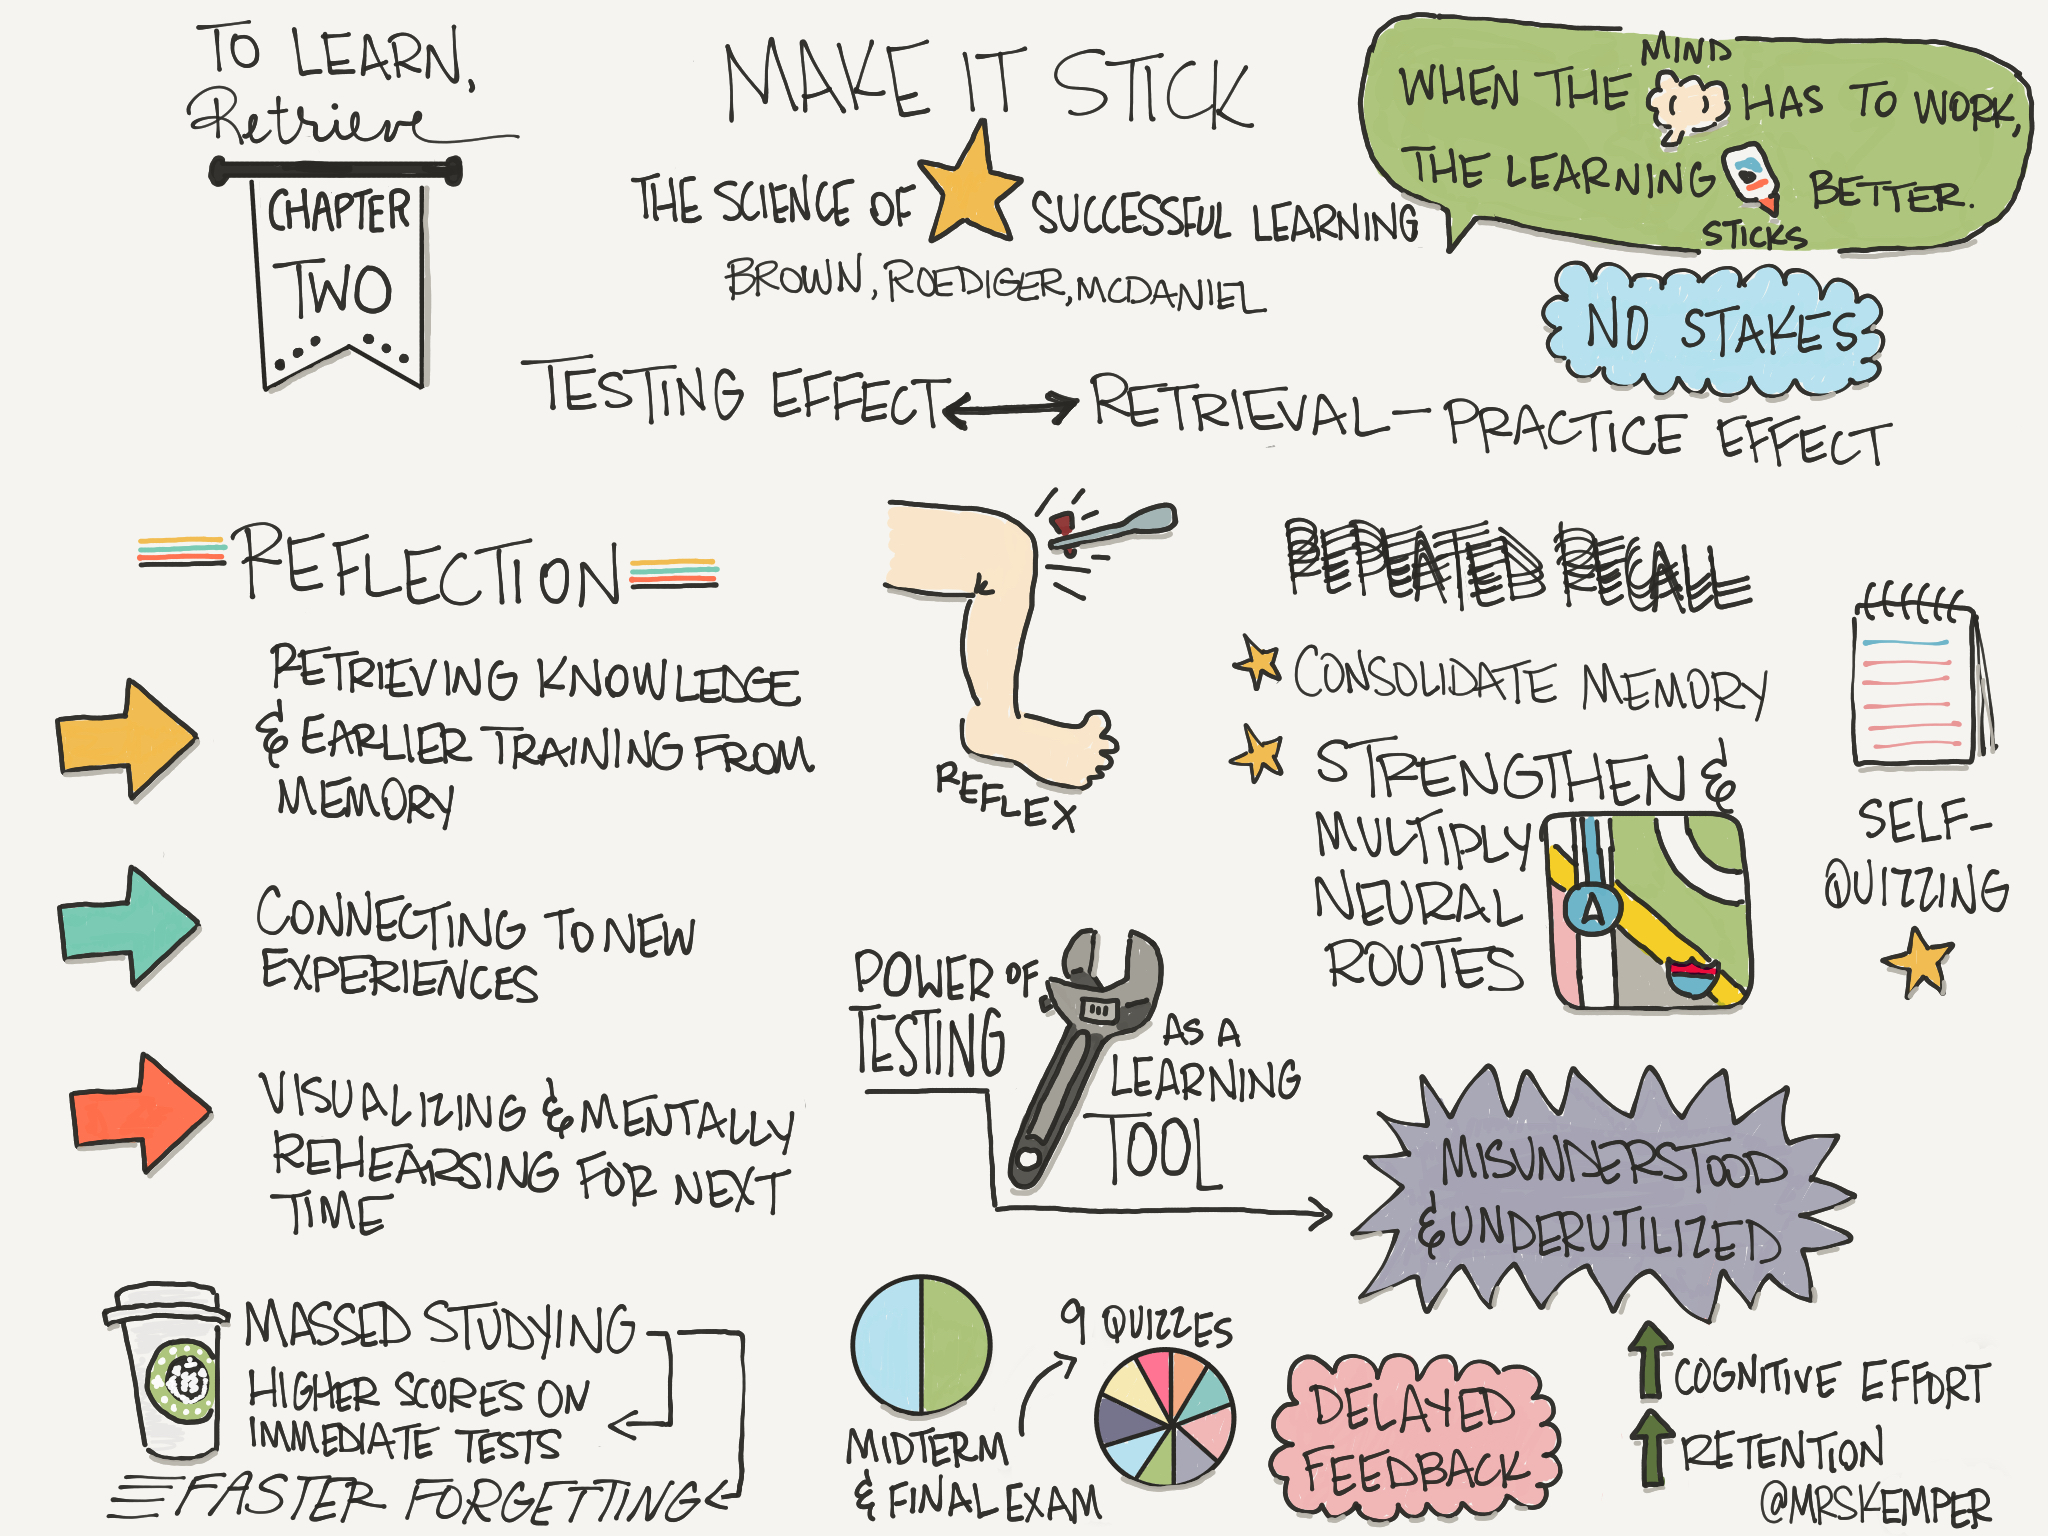 Make it Stick: The Science of Successful Learning – Retrieval Practice
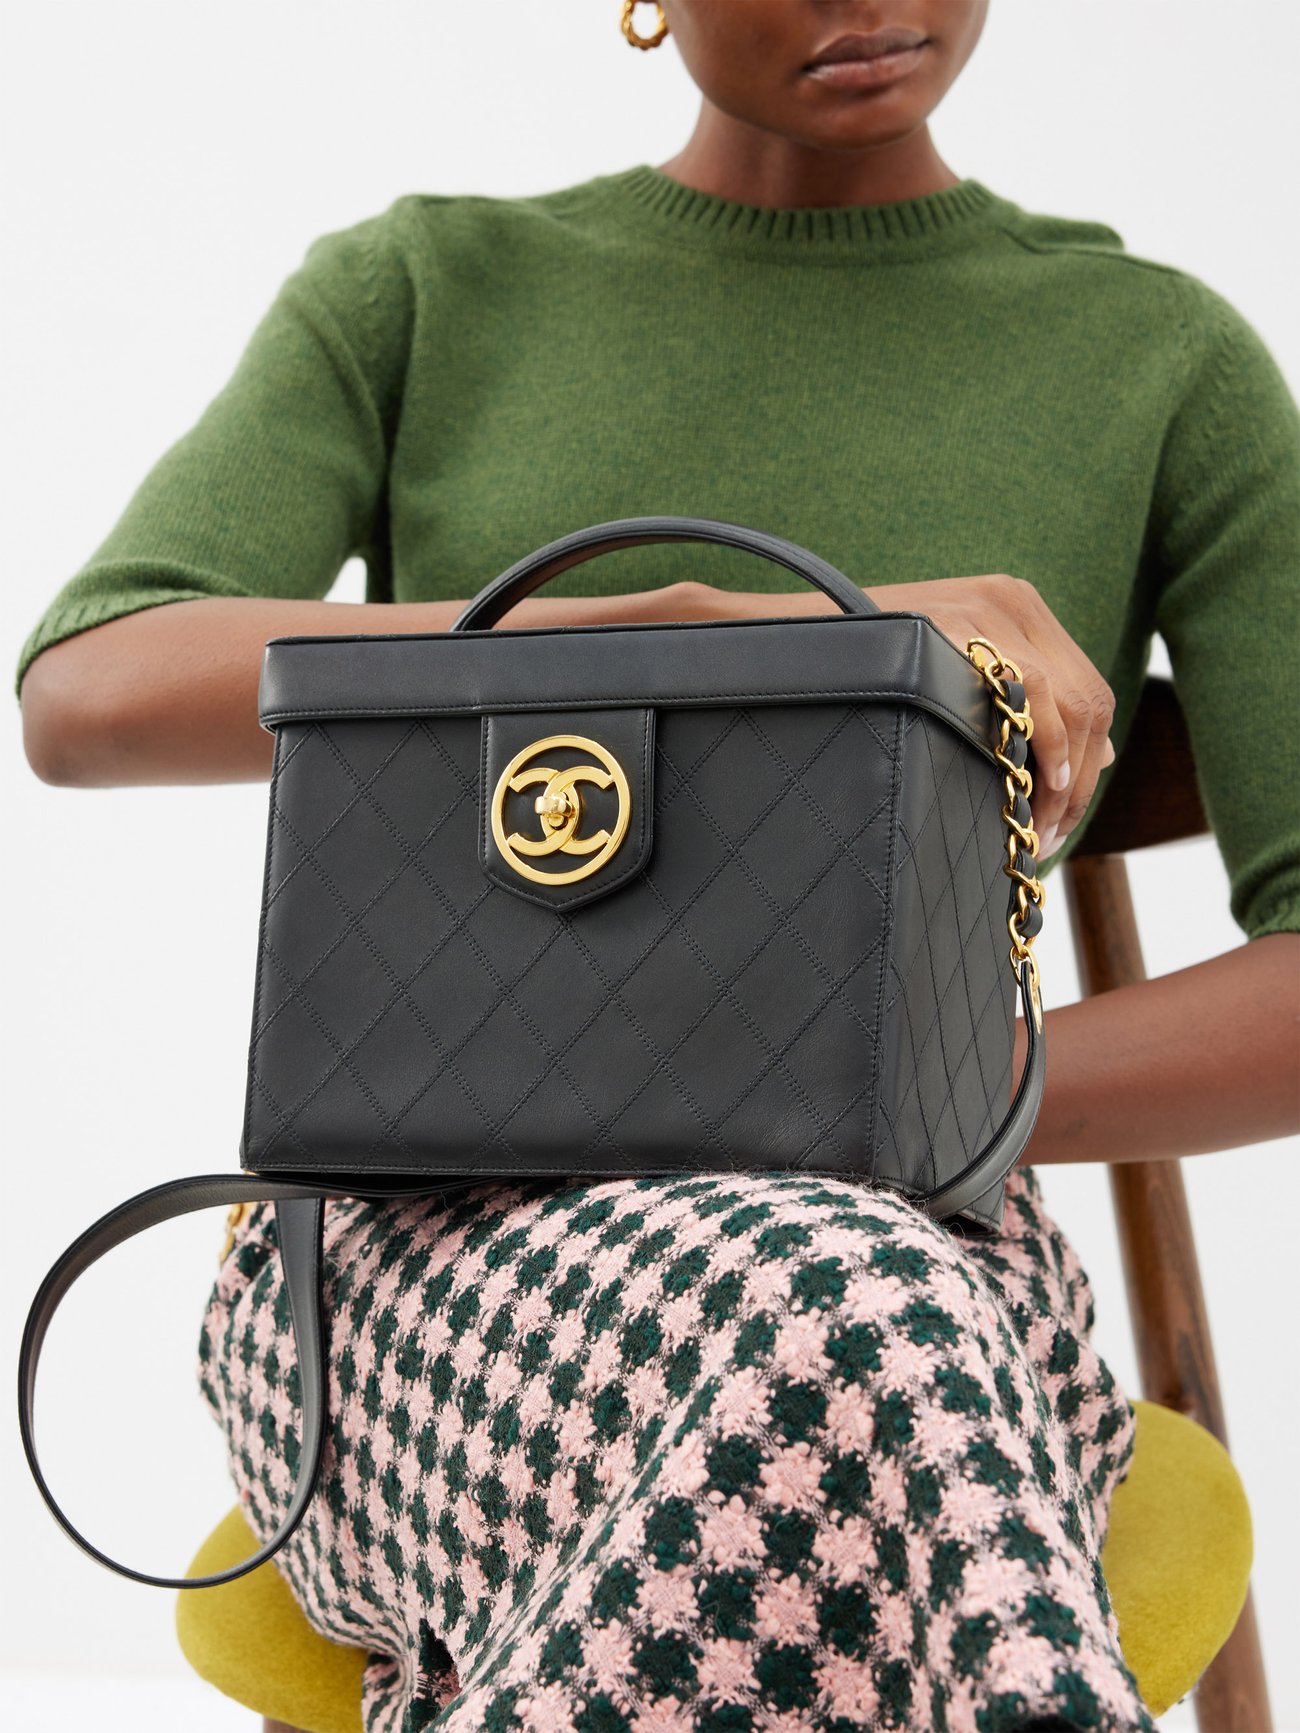 The Chanel Vanity Case, An Era's Most Coveted Design
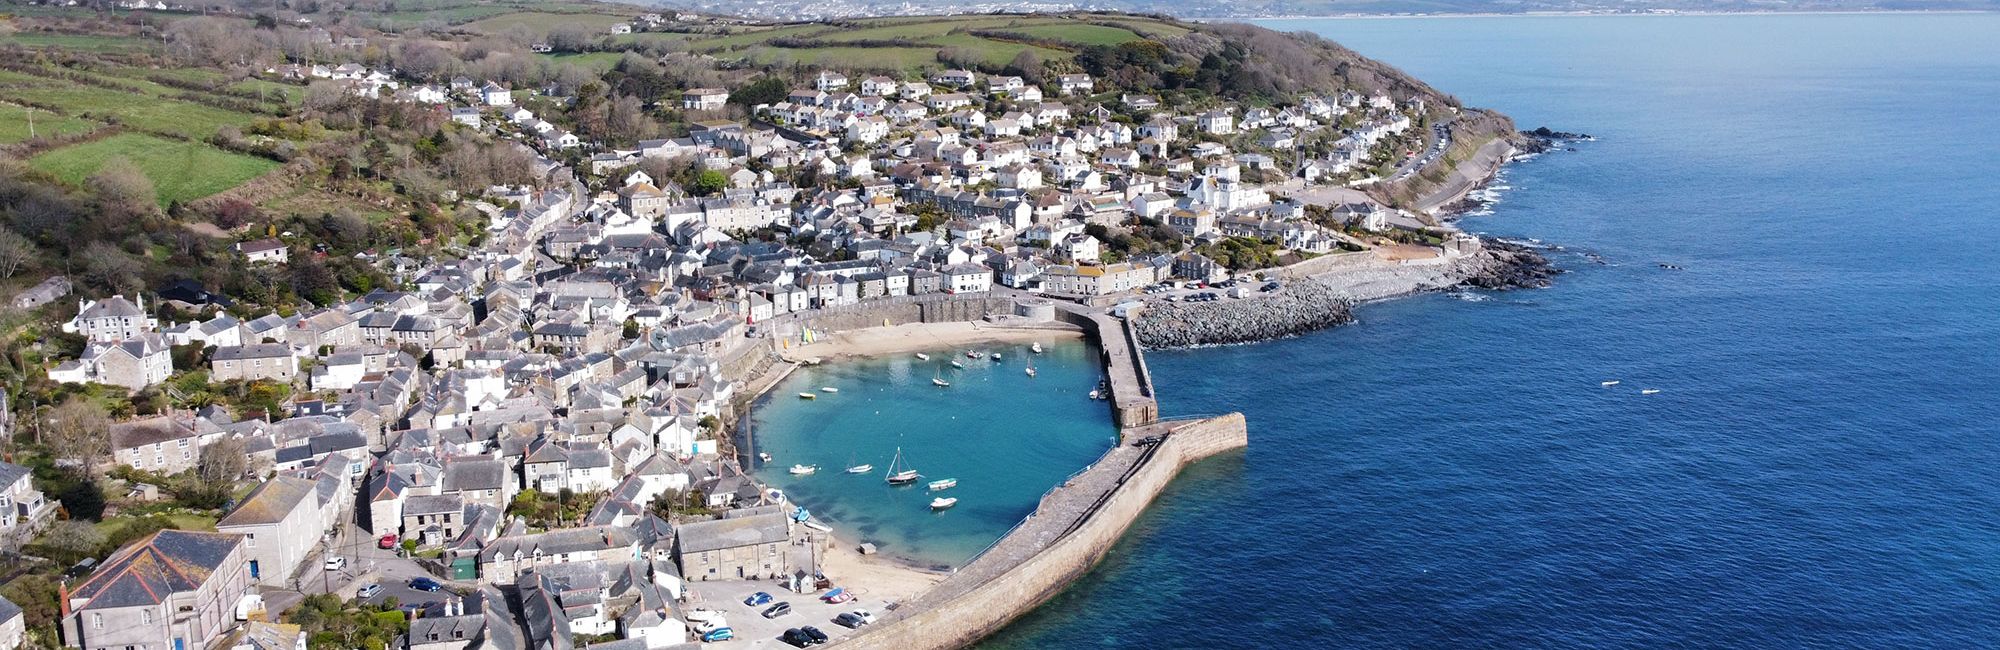 View of Mousehole in Cornwall
- - - - - - -
* Task directions
Each line of the listing above should be retyped exactly, with no pictures.

* Task solution
 Make it Stick: The Science of Successful Learning – Retrieval Practice
 The Chanel Vanity Case, An Era's Most Coveted Design
 View of Mousehole in Cornwall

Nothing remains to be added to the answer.